== TASK PROMPT ==
Copy out the entries word for word, leaving images aside.

(Source records)
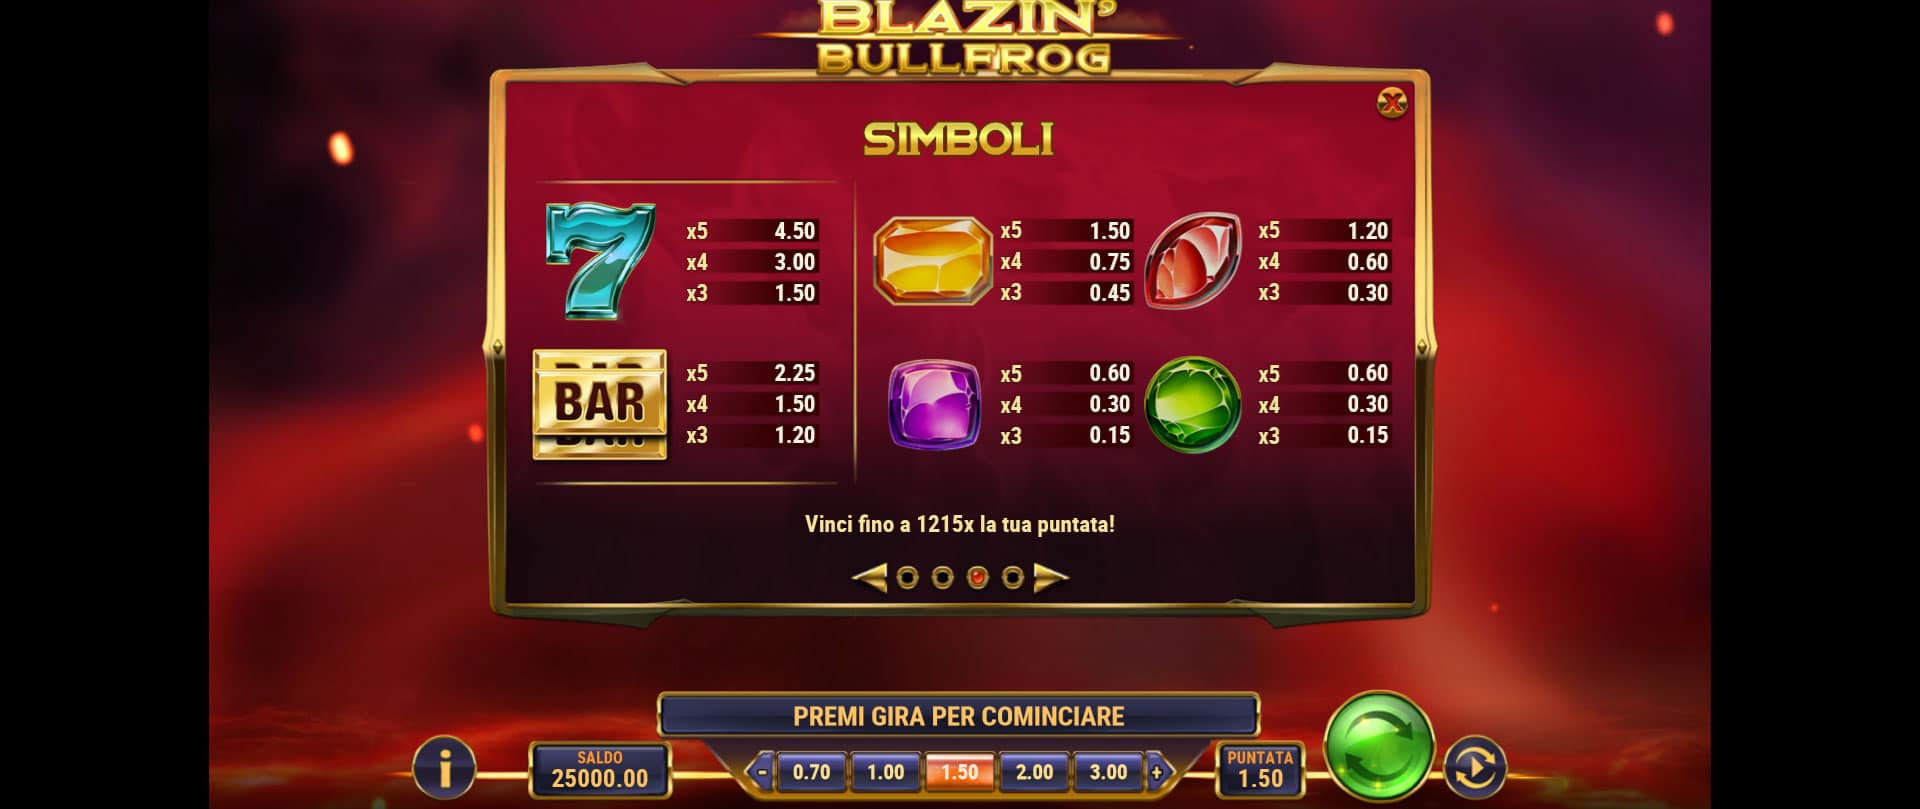 tabella dei simboli della slot machine blazin bullfrog
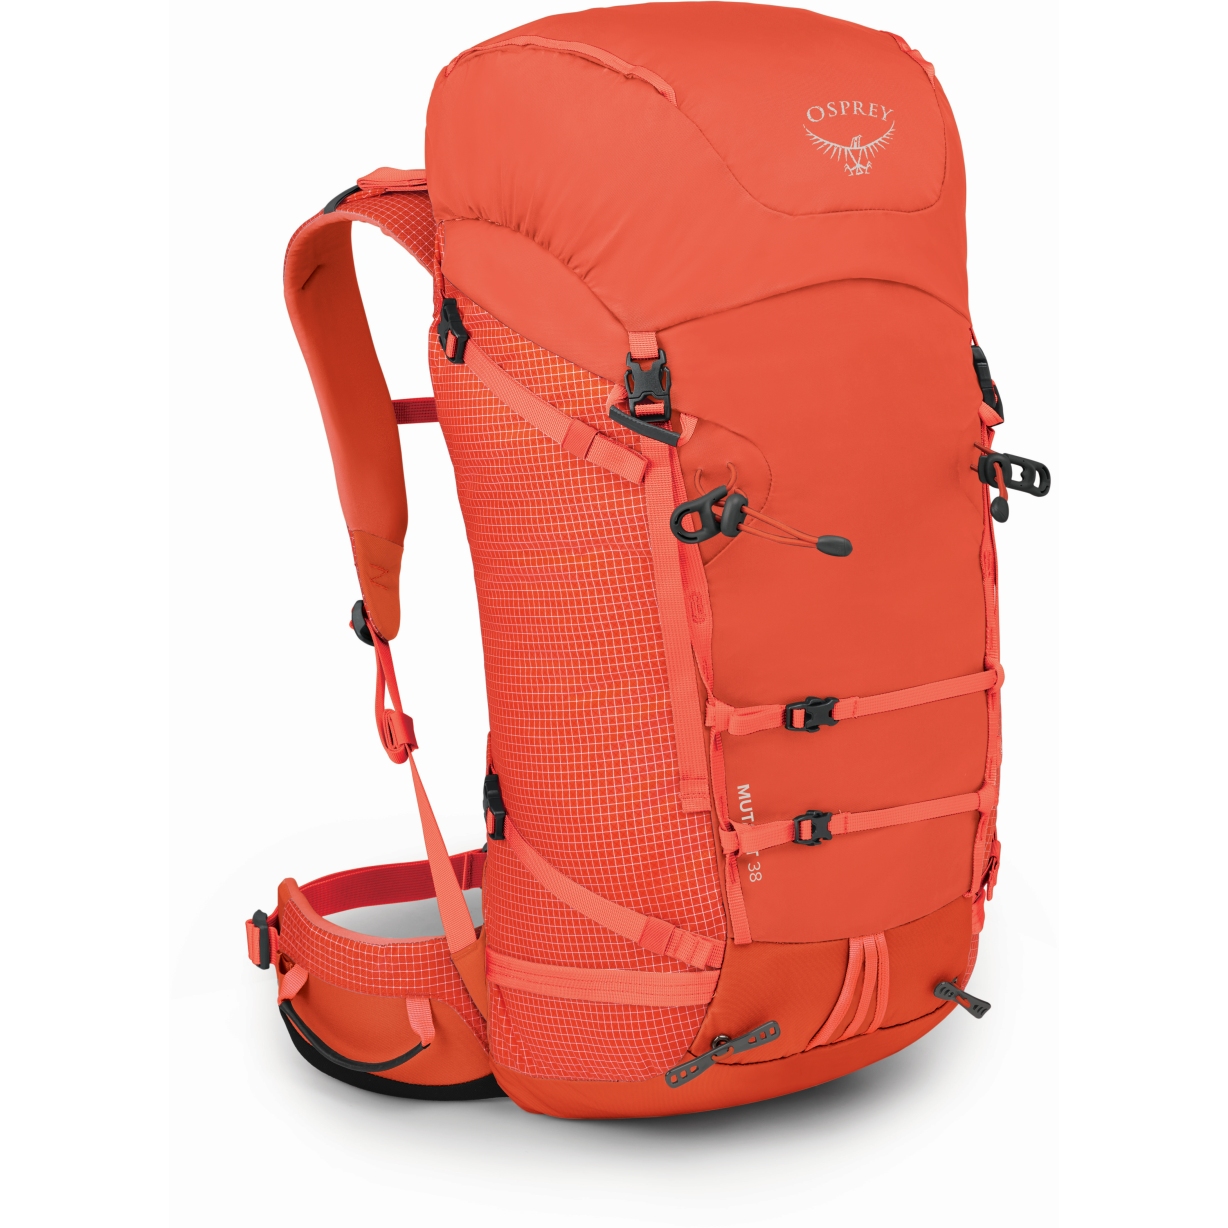 Productfoto van Osprey Mutant 38 Backpack - Mars Orange - S/M
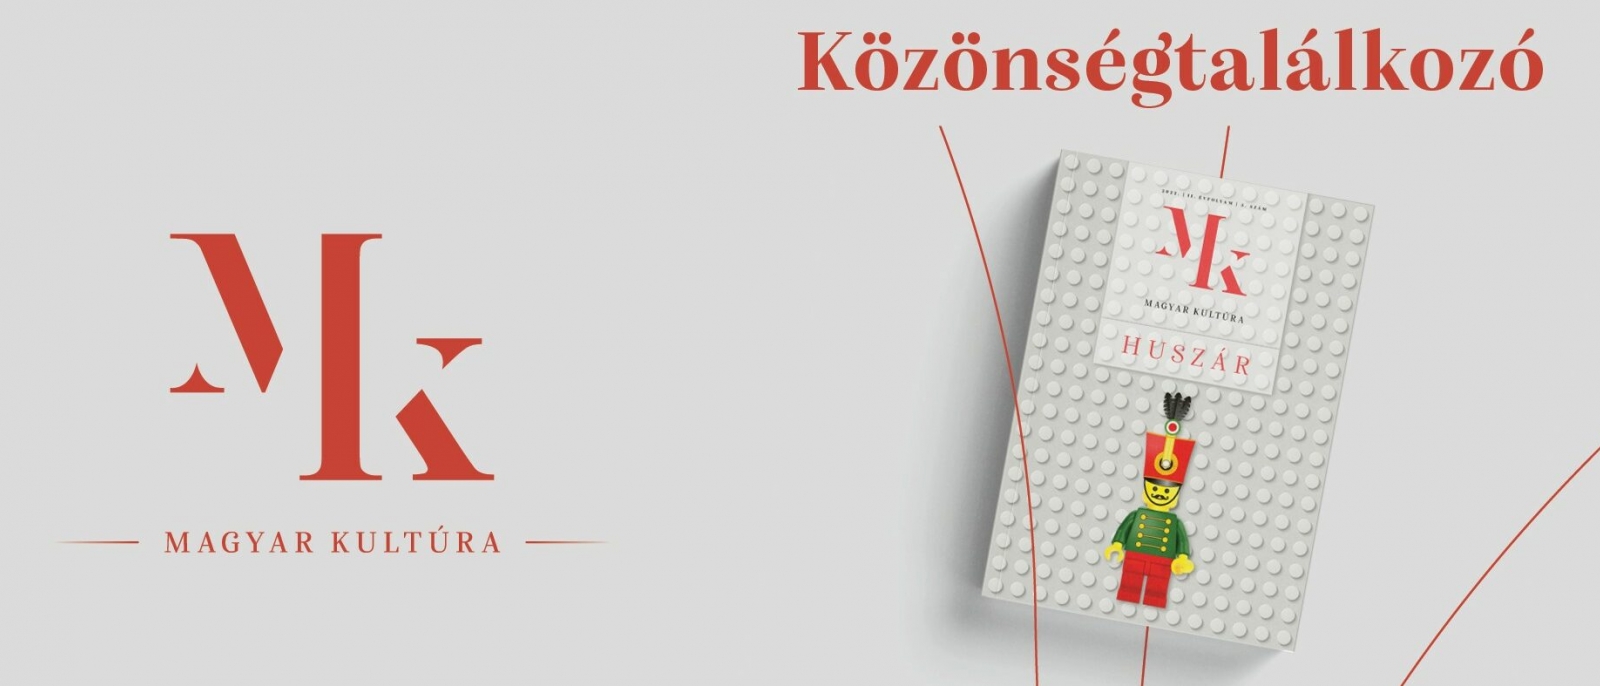 A Magyar Kultúra magazin közönségtalálkozója
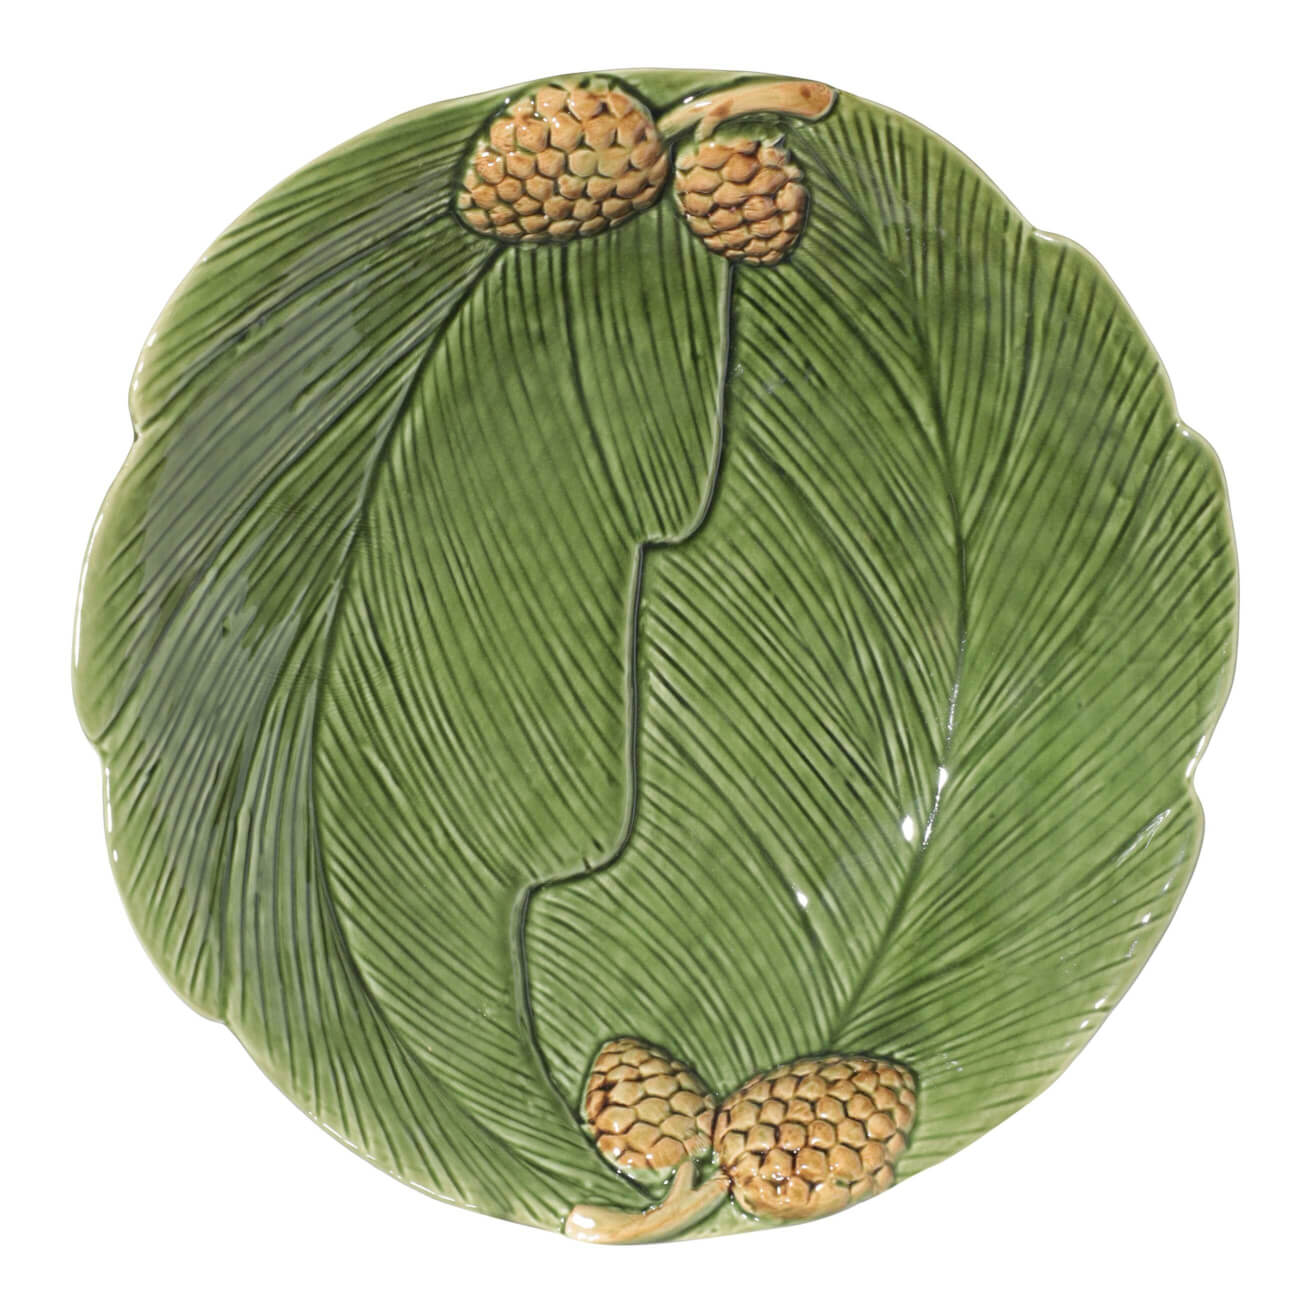 Блюдо, 26 см, керамика, круглое, зеленое, Шишки на листе, Fir cone блюдо для запекания berghoff 18х12 5 см керамика 4490281
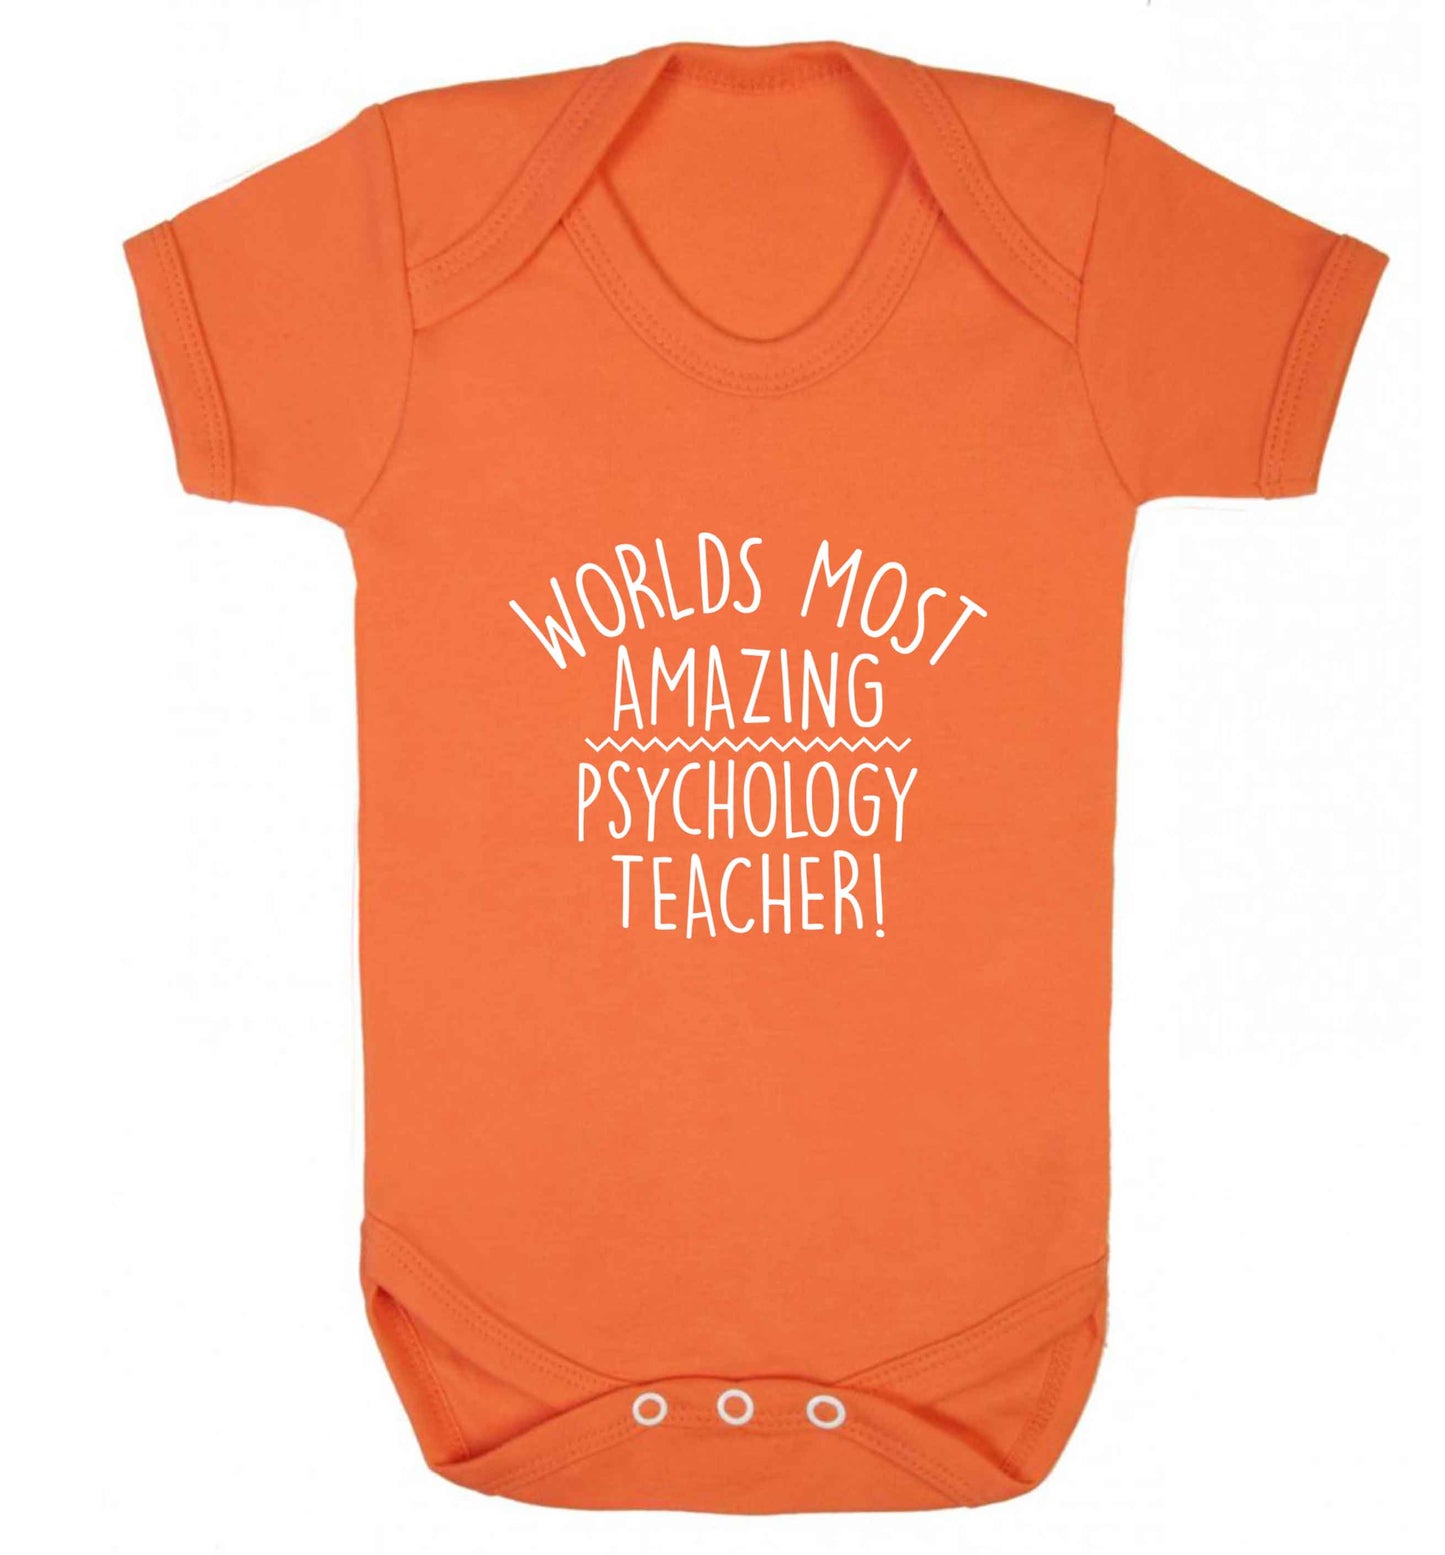 Worlds most amazing psychology teacher baby vest orange 18-24 months

== EXERCISE RESULT ==
 tabella dei simboli della slot machine blazin bullfrog
 Productfoto van Osprey Mutant 38 Backpack - Mars Orange - S/M
 A Magyar Kultúra magazin közönségtalálkozója
 Блюдо, 26 см, керамика, круглое, зеленое, Шишки на листе, Fir cone блюдо для запекания berghoff 18х12 5 см керамика 4490281
 Worlds most amazing psychology teacher baby vest orange 18-24 months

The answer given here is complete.